[Date Prev][Date Next] [Thread Prev][Thread Next] [Date Index] [Thread Index]

[Nbd] [RFC] [PATCH] support FUA and FLUSH



Enclosed is a patch (COMPILE TESTED ONLY - DO NOT RUN ON LIVE SYSTEMS) which
supports FUA (force unit access) and FLUSH.

FUA means "force the current write to hit the media service" and FLUSH
means "empty the current write queue to disk". Broadly they have the same
semantics as the linux kernel REQ_FLUSH and REQ_FUA. FUA is implemented
through sync_file_range() (or if that doesn't exist, fdatasync() on the
file handle concerned), FLUSH through fdatasync() on all files. FUA and
FLUSH are selected in the config file, and set new flags bits which will
cause the client to sent FUA and FLUSH requests. The way these are
implemented is further explained in doc/proto.txt.

The purpose of this is reasonably obvious: without supporting either FUA
or FLUSH (and it's relatively easy to support both), filesystems on the
client have no way to ensure the relevant sectors have hit the disk.
The patch is implement such that the default behaviour is unchanged.
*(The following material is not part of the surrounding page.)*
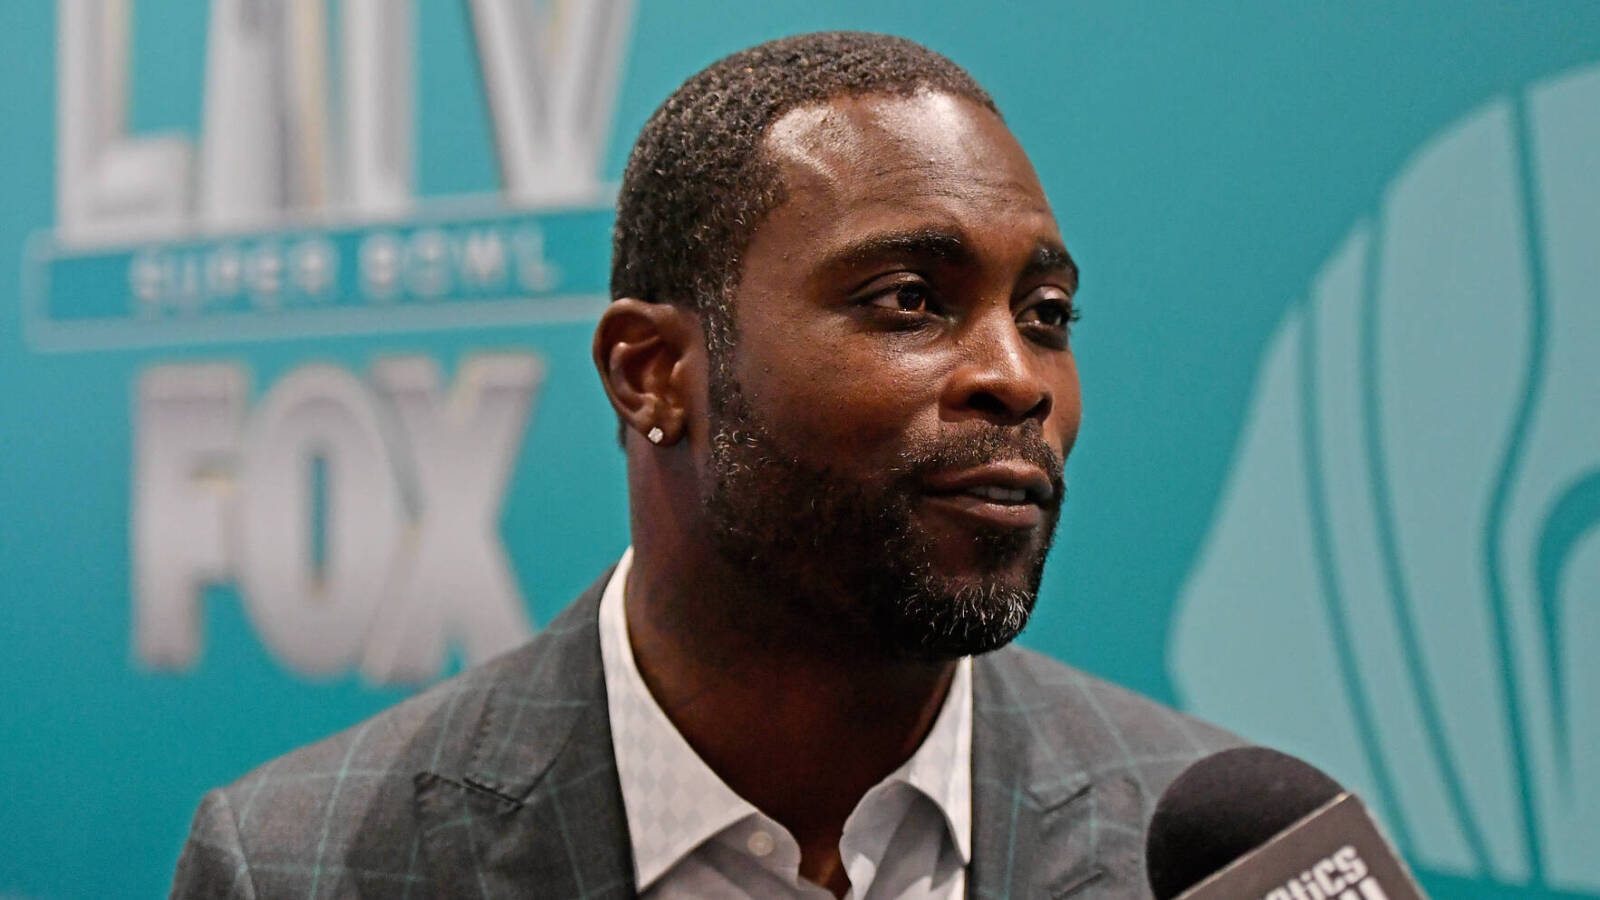 Michael Vick shares admission about dogfighting scandal

Additionally, it introduces an F_ROTATIONAL flag. This will turn off
the use of QUEUE_FLAG_NONROT in the client. QUEUE_FLAG_NONROT effectively
disables the elevator algorithm, making the algorithm merge only. That is
unhelpful where the server does not have its own elevator algorithm
or where the client elevator algorithm is neutered (e.g. writing to a
raw partition with F_SYNC with nbd-server). It's not going to be used
often where the backing store is a file.

It also incidentally fixes a bug where F_SYNC is ignored if F_COPYONWRITE
is set (not that this currently has much utility).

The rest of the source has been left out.